*** Raw data ***

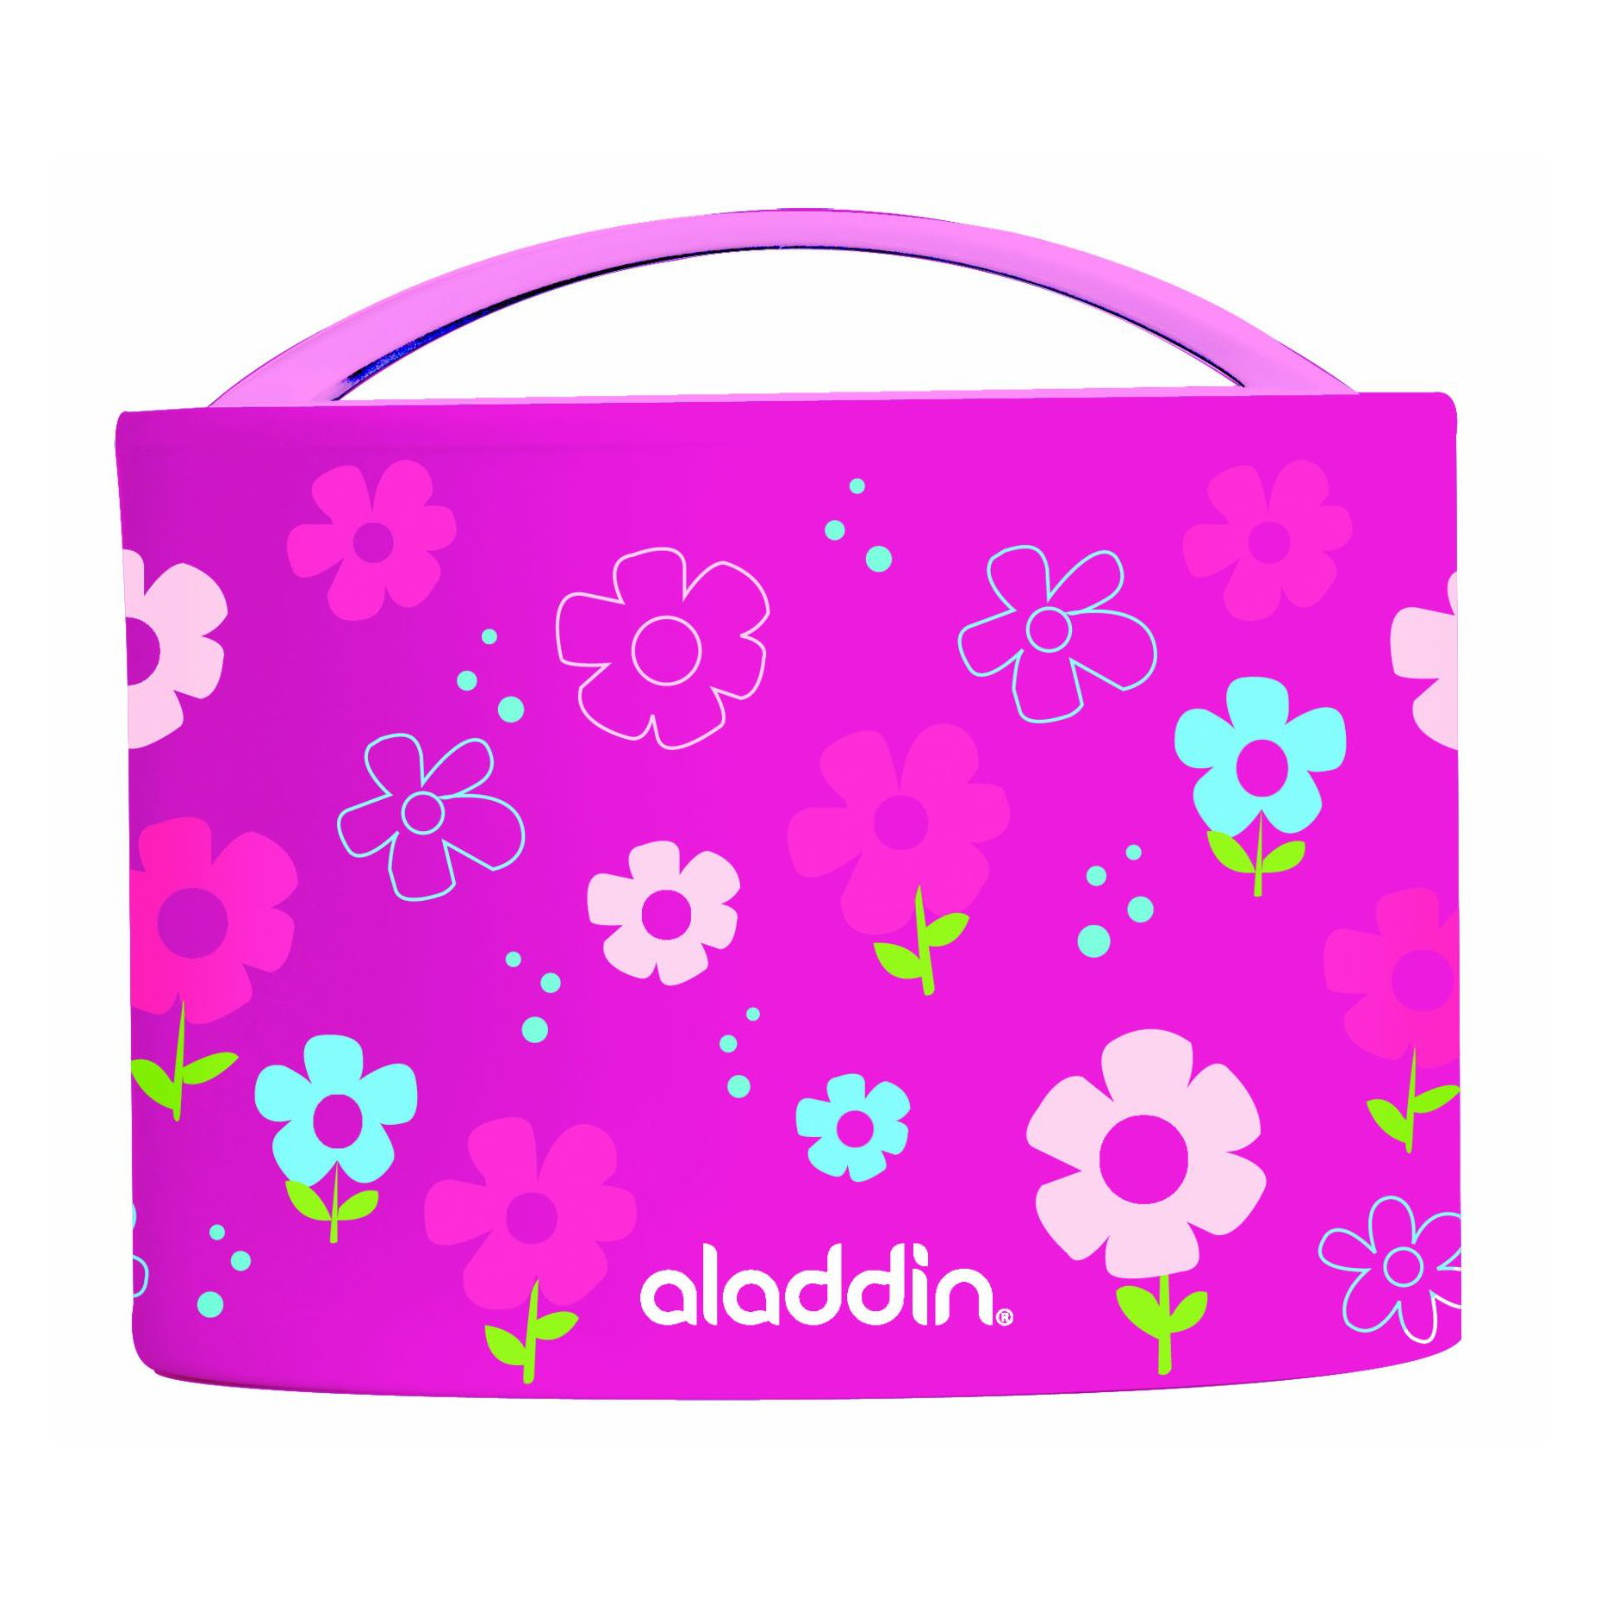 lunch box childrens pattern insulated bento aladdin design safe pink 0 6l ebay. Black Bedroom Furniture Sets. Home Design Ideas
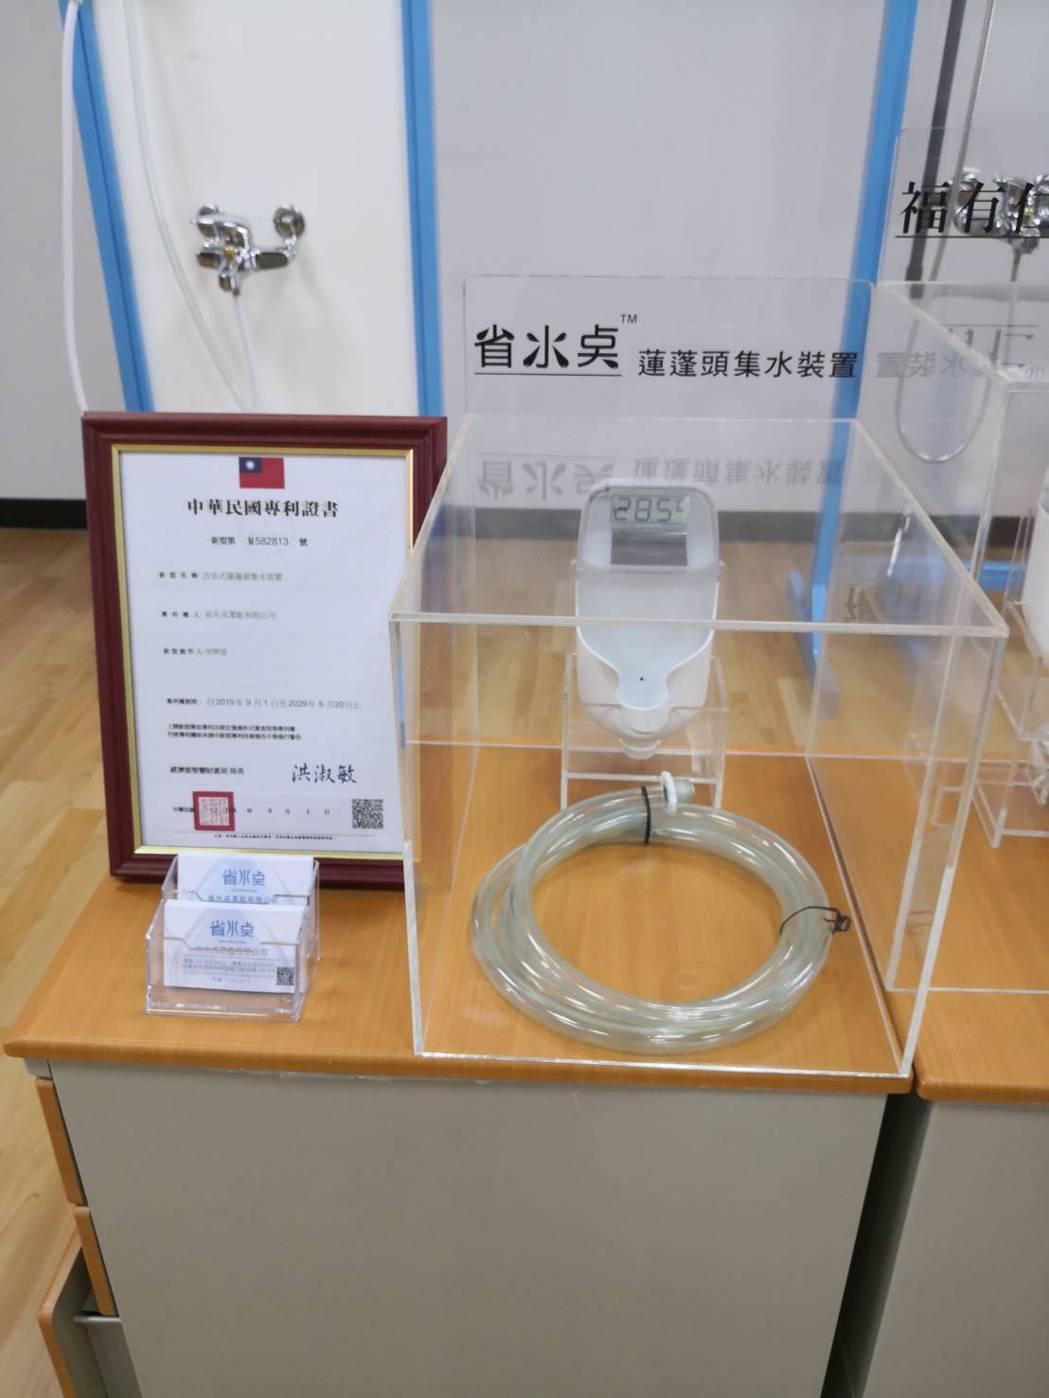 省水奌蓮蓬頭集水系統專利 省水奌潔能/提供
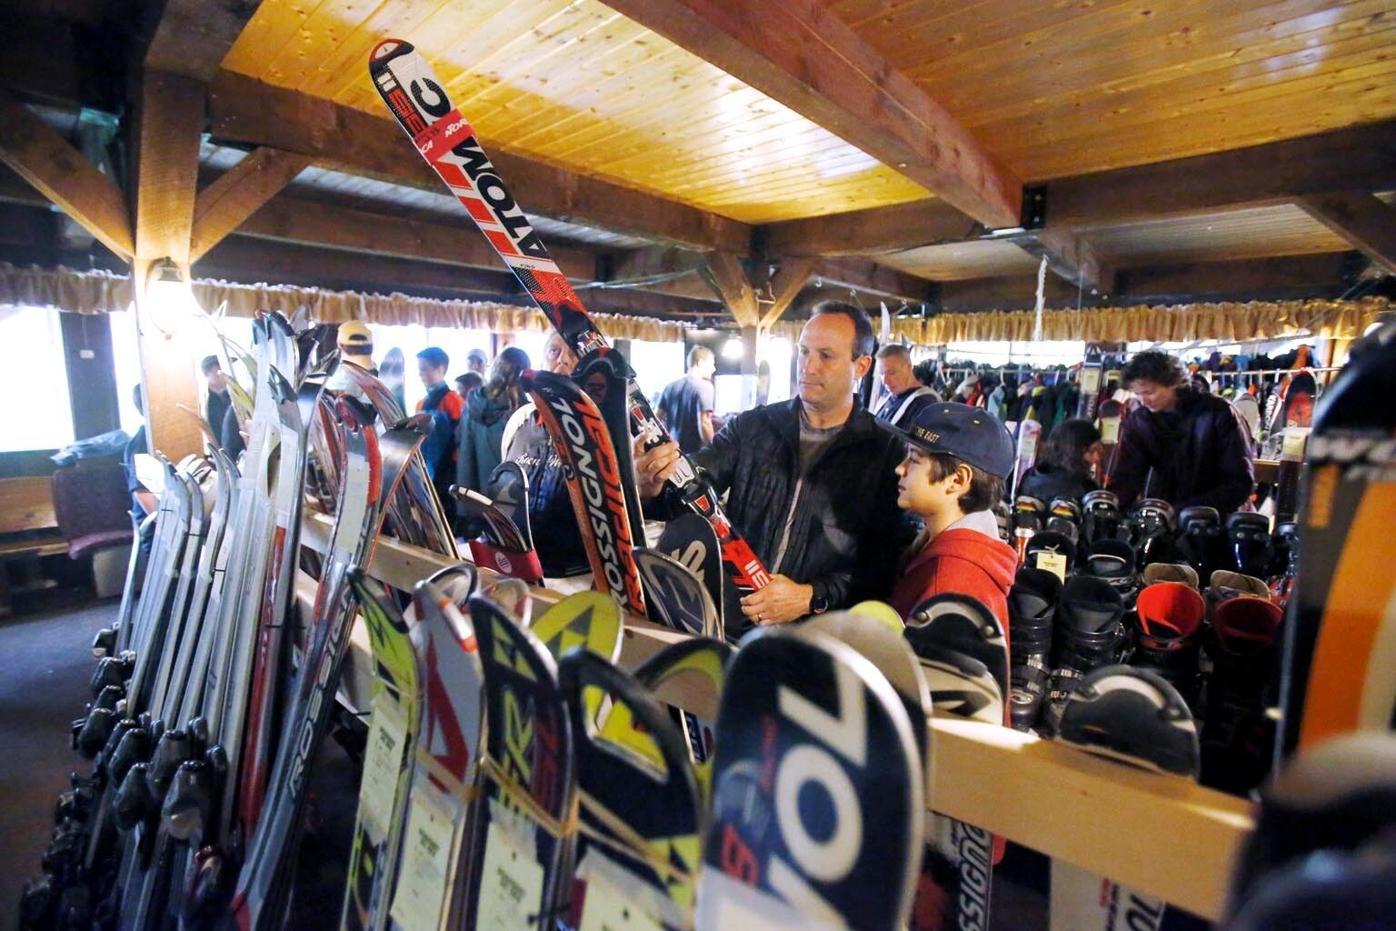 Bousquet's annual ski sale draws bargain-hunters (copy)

*** End of Raw data ***

[Activity]:
Your job is to repeat the data exactly, leaving each picture out.

[Solution below]:
 lunch box childrens pattern insulated bento aladdin design safe pink 0 6l ebay. Black Bedroom Furniture Sets. Home Design Ideas
 省水奌蓮蓬頭集水系統專利 省水奌潔能/提供
 Bousquet's annual ski sale draws bargain-hunters (copy)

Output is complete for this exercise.